§ **What you should do**
Exact reproduction of all the data is required, with pictures excluded.

§ **Information provided**
○ ○ ○ ○ ○ ○ ○

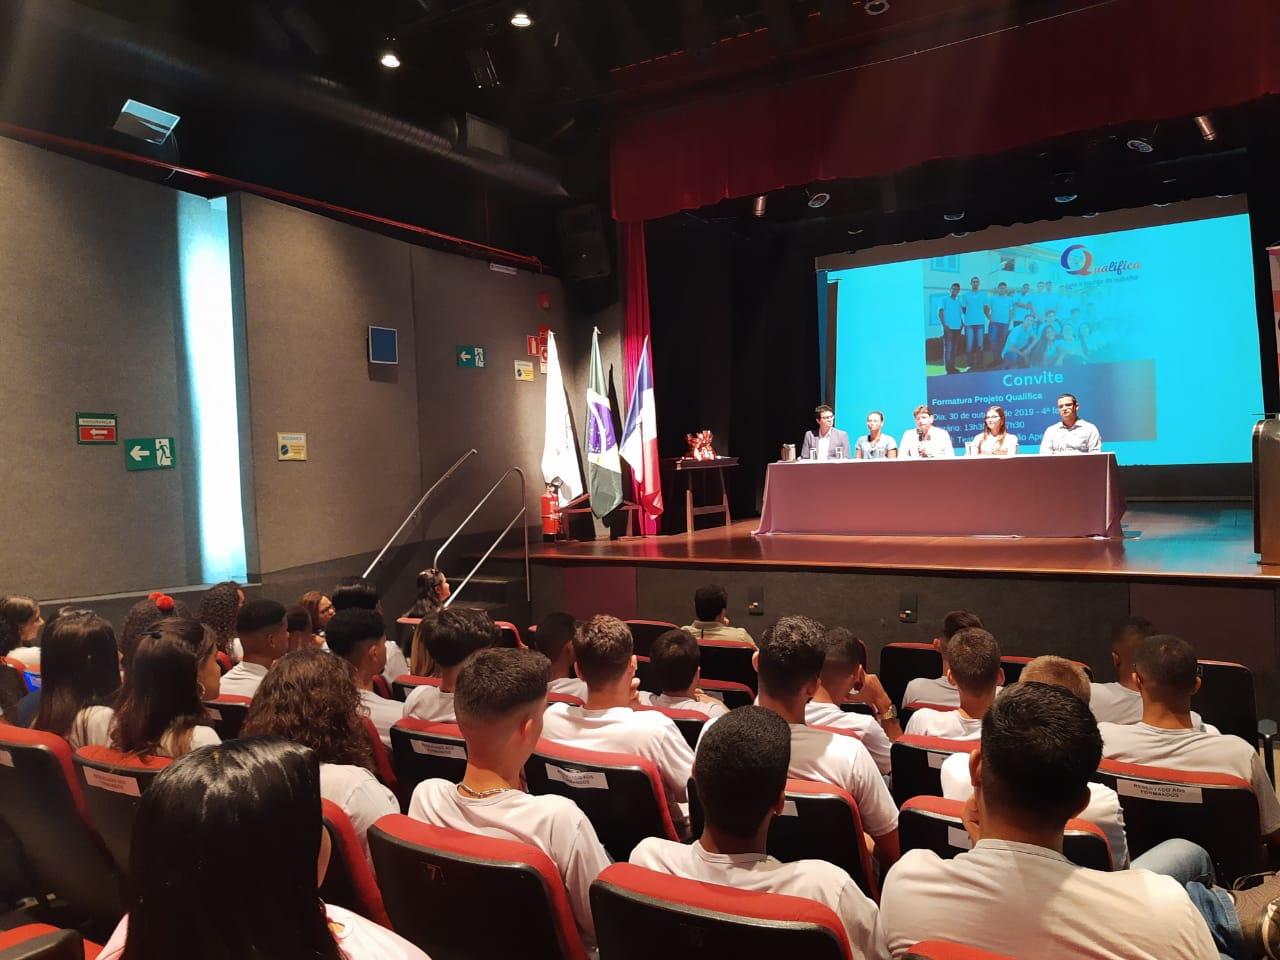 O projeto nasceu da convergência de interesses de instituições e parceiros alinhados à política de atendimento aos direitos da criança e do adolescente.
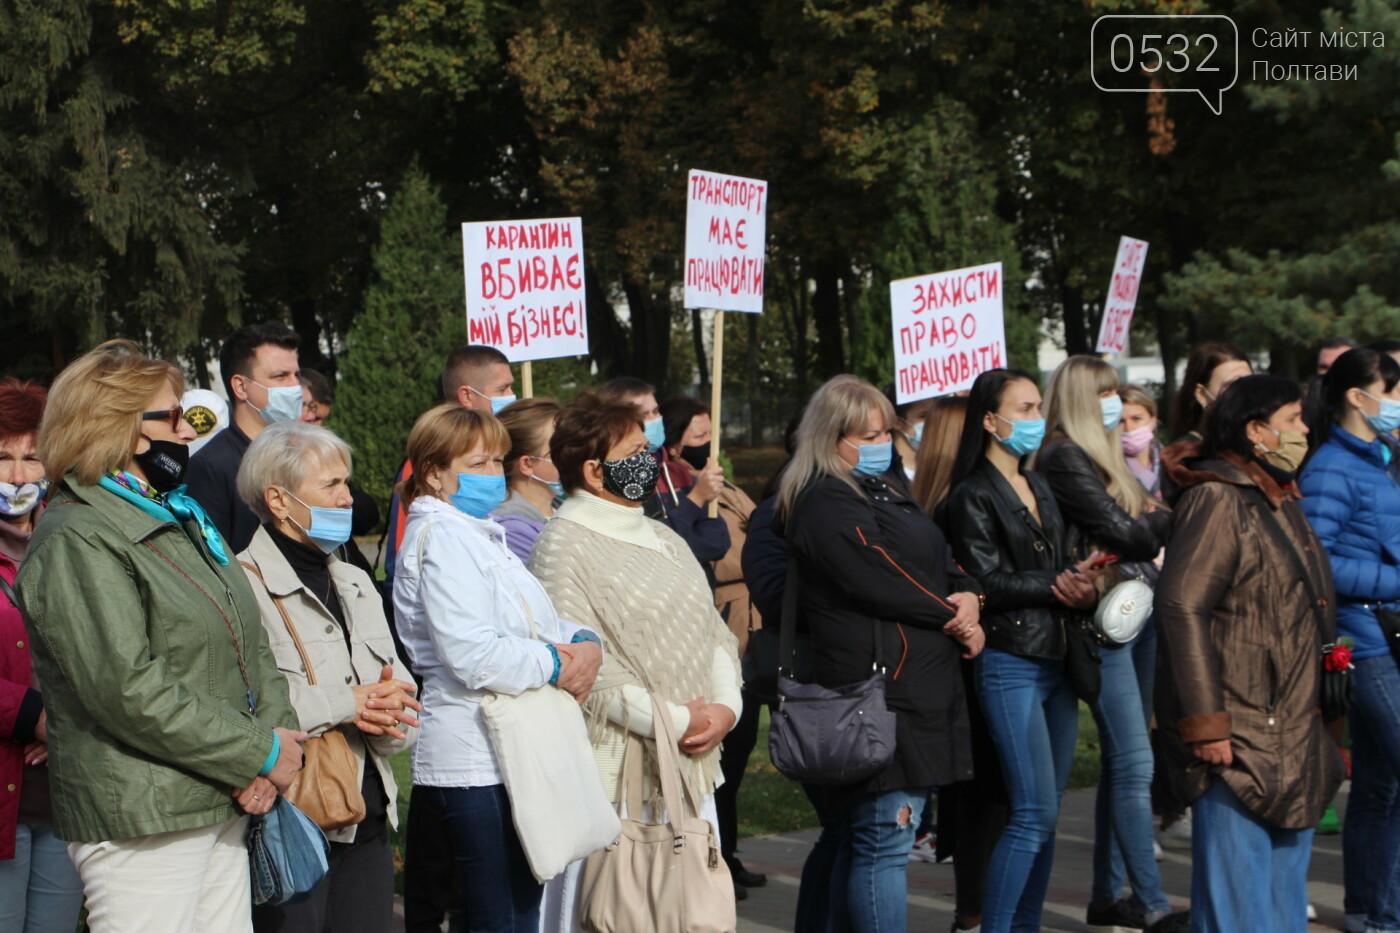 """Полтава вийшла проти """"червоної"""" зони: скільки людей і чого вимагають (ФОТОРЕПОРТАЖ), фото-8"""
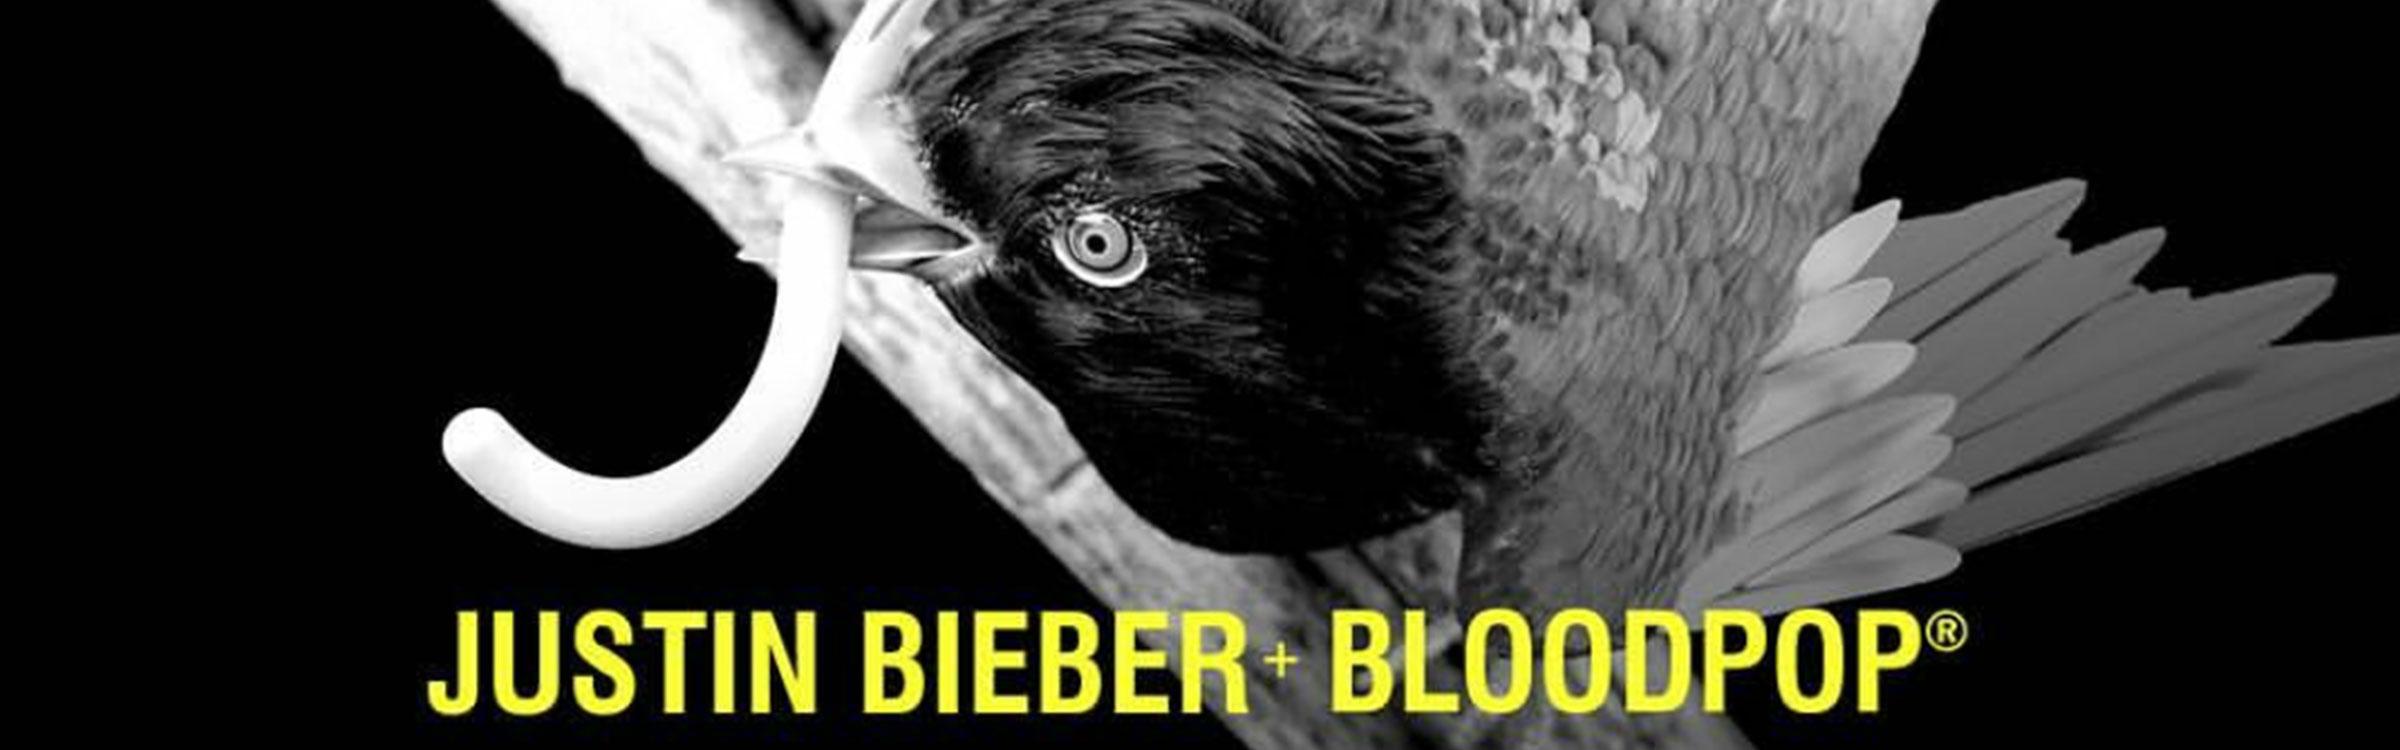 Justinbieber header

○ ○ ○ ○ ○ ○ ○

§ **Result below**
 O projeto nasceu da convergência de interesses de instituições e parceiros alinhados à política de atendimento aos direitos da criança e do adolescente.
 """Полтава вийшла проти """"червоної"""" зони: скільки людей і чого вимагають (ФОТОРЕПОРТАЖ), фото-8"""
 Justinbieber header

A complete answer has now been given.